So as I began the book I instantly loved it. Then again I am a huge historical fiction fan so what would not be to like about a book about the "Lost Generation".  I do love this time period and am endlessly fascinated by F Scott Fitzgerald.  This book takes a look into the life of both Ernest Hemingway and his wife Haddy.  It covers the store of how they met, the early good years of their marriage, and its ultimate end.  Although this book is about Hemingways' wife I found it was equal parts always about him. After reading this book, I can assume that is how it always was when they were together-all about him.  Now I loved the character development and the love story that was Ernest and Haddy.  I also really liked the look into how their marriage fell apart.  Most often stories of divorce are about the bitterness and finality of it, there was a lot of the book that was about them trying to figure out how to end their marriage.
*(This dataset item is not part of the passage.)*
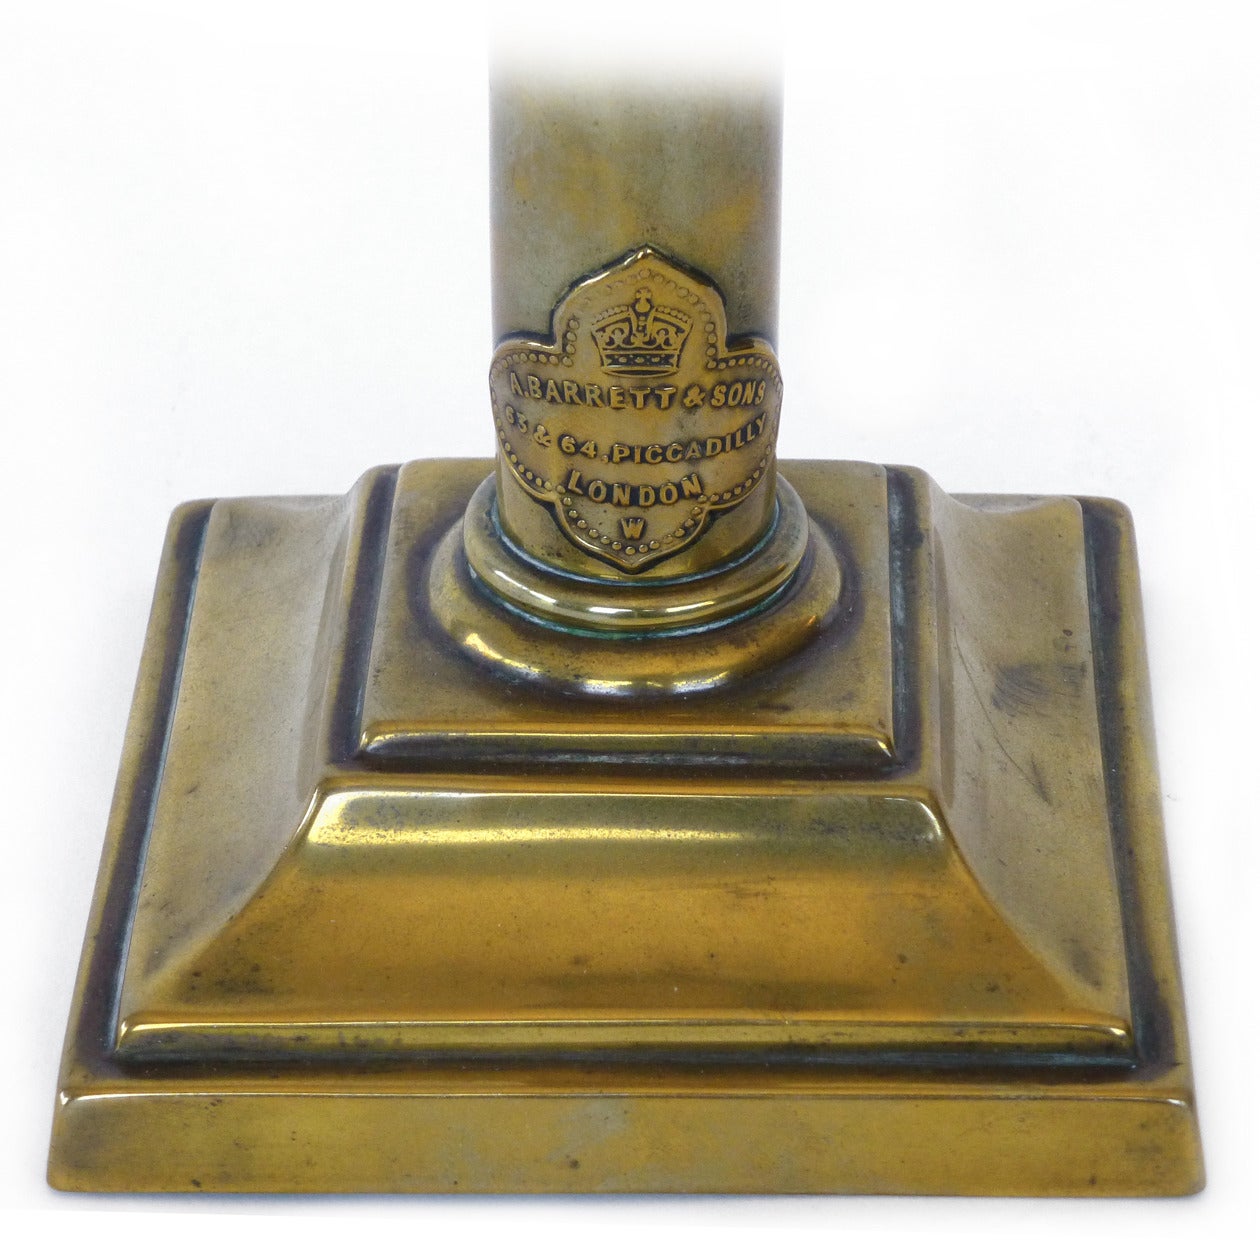 English Signed Brass Spring Loaded Candlestick, circa 1870

“A. BARRETT & SONS… 63 & 64 PICCADILLY LONDON… NO 6”

A negative of this book was I was expecting something more from it. It got amazing reviews-I just sort of kept waiting for a big moment, something monumental.  That never happened. It doesn't mean that it takes away from the positives of the book it just means that if you are reading for this for a big shocking moment, a huge plot twist...this book doesn't have that.  Having finished this book a few weeks ago I am not more ok without that big moment then I was upon completion of it.  This was a solid read with great character insight and development.  I would give it 3 out of 5 stars....maybe 3 1/2 only because it didn't have that moment that I kept expecting.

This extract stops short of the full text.